■ **REQUIRED ACTION**
Range to repeat from the listing below: the line containing "Rectangular Brass Zinc" down to the line containing "Bronze Foundation", both included. Copy it exactly, pictures excluded, and add nothing else.

■ **MATERIAL FOR THE TASK**
Start of Block

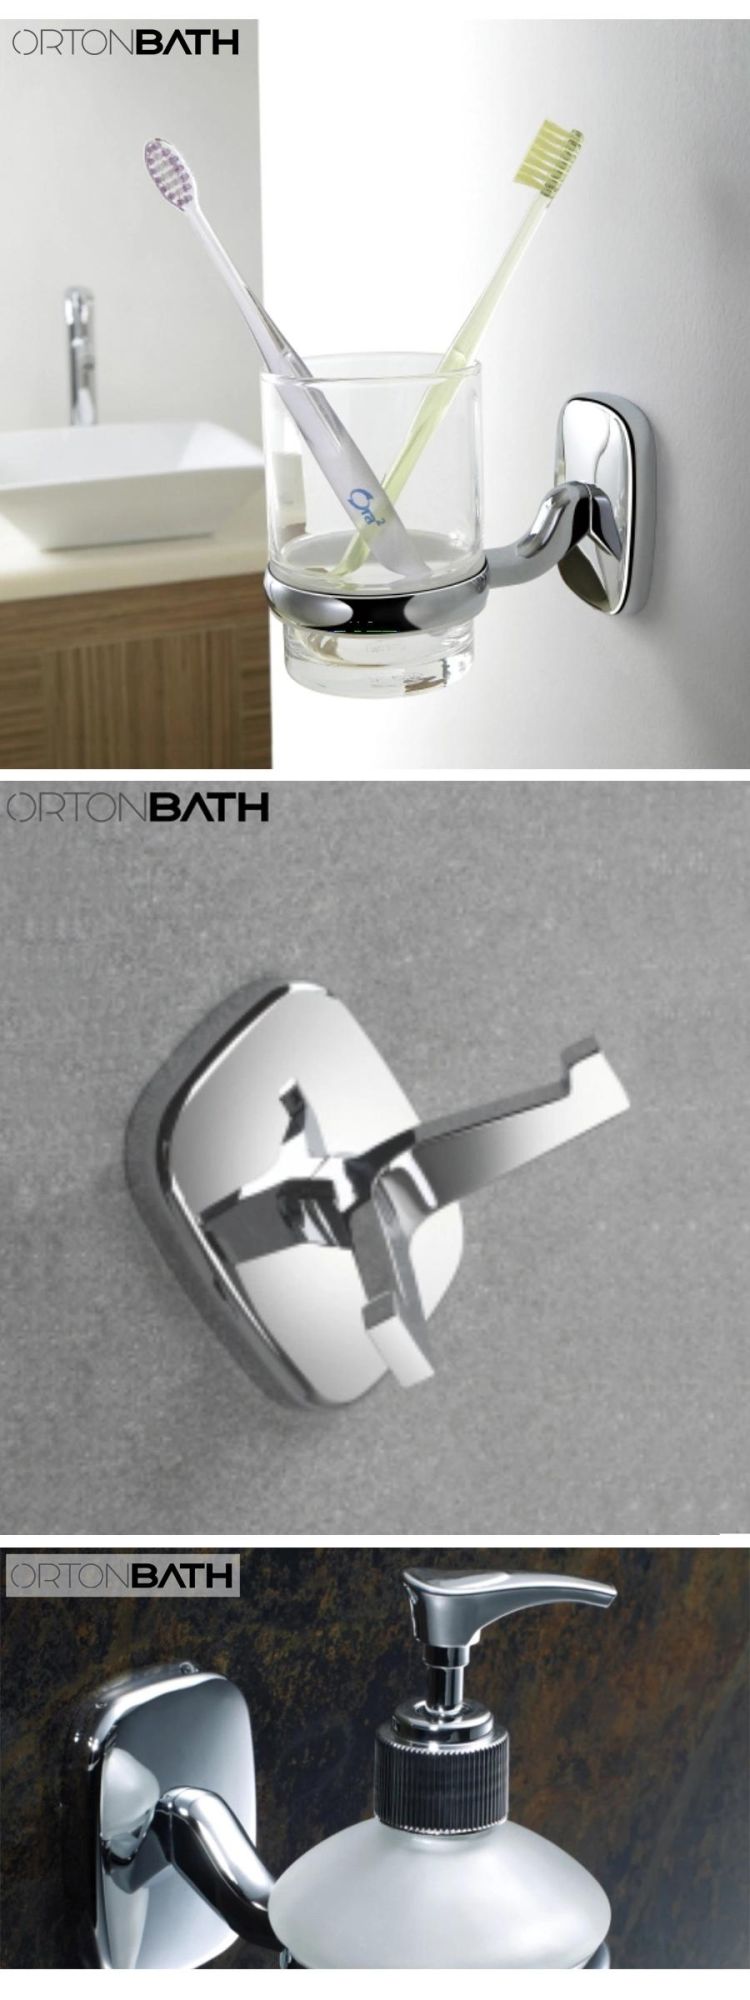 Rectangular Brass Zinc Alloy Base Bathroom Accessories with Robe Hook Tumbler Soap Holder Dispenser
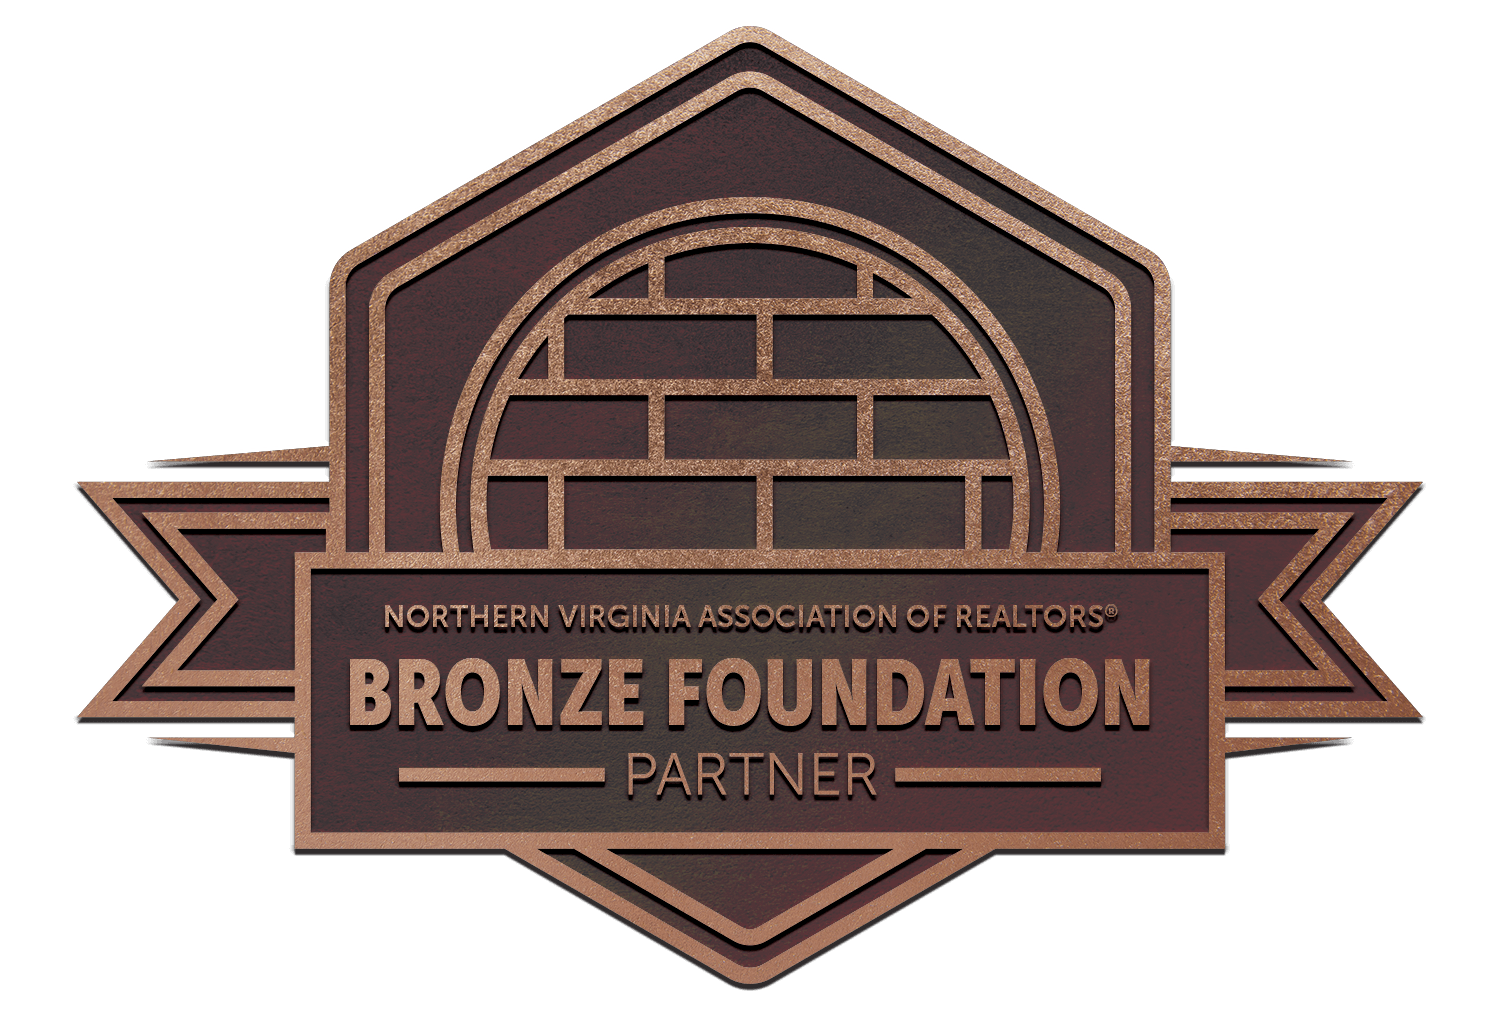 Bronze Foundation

End of Block
Start of Block

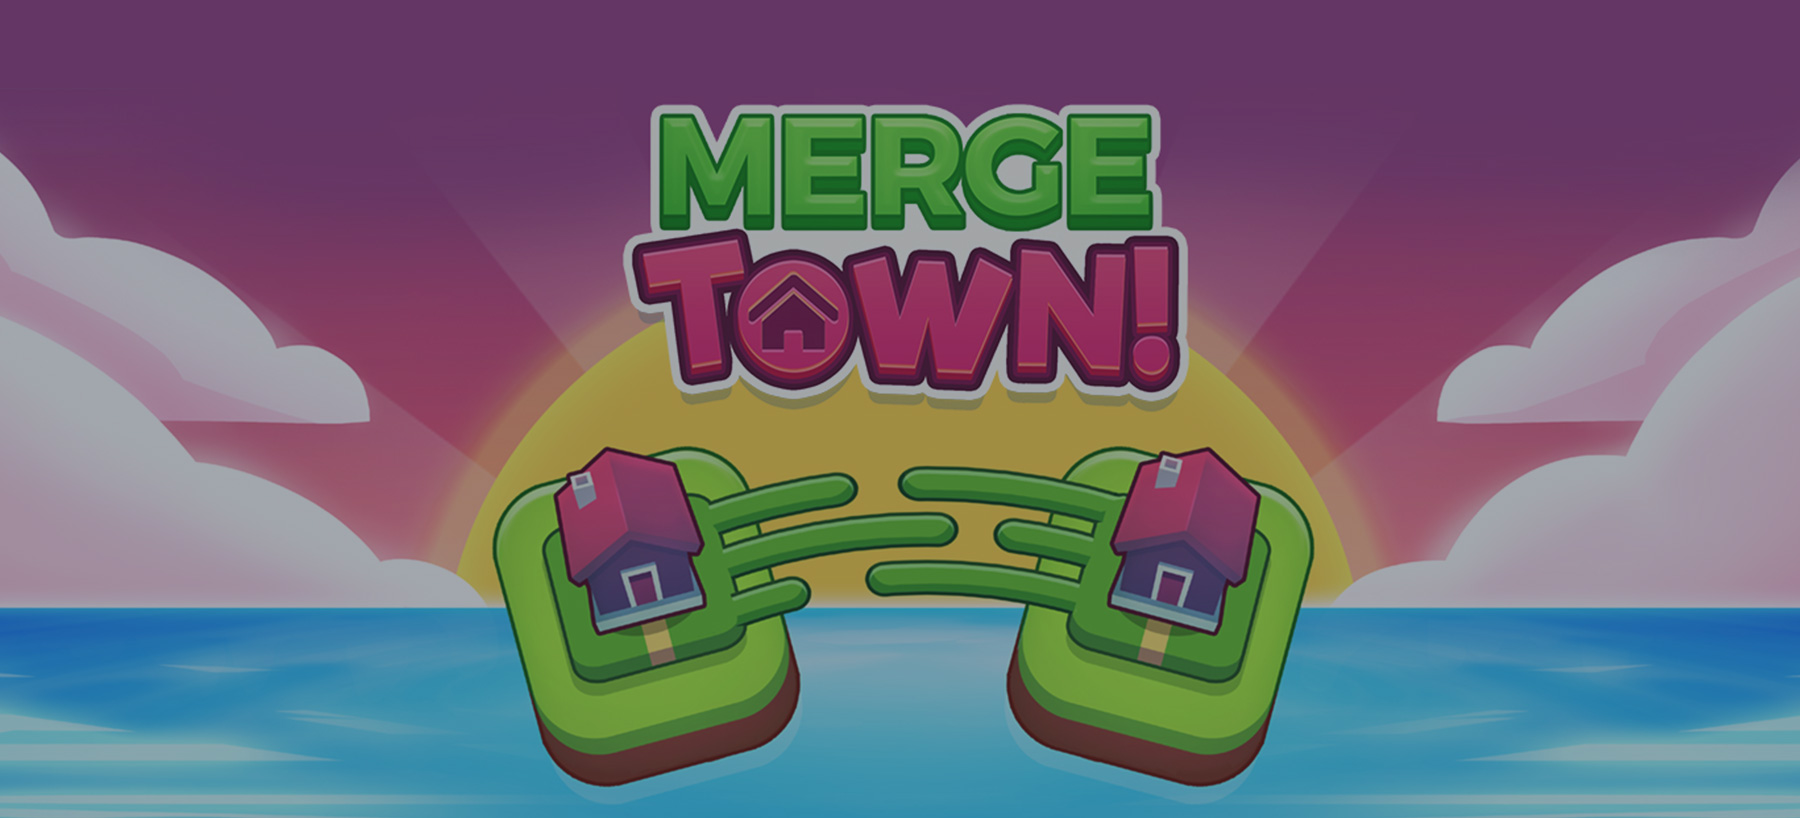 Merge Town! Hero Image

End of Block

■ **ANSWER TO THIS TASK**
 Rectangular Brass Zinc Alloy Base Bathroom Accessories with Robe Hook Tumbler Soap Holder Dispenser
 Bronze Foundation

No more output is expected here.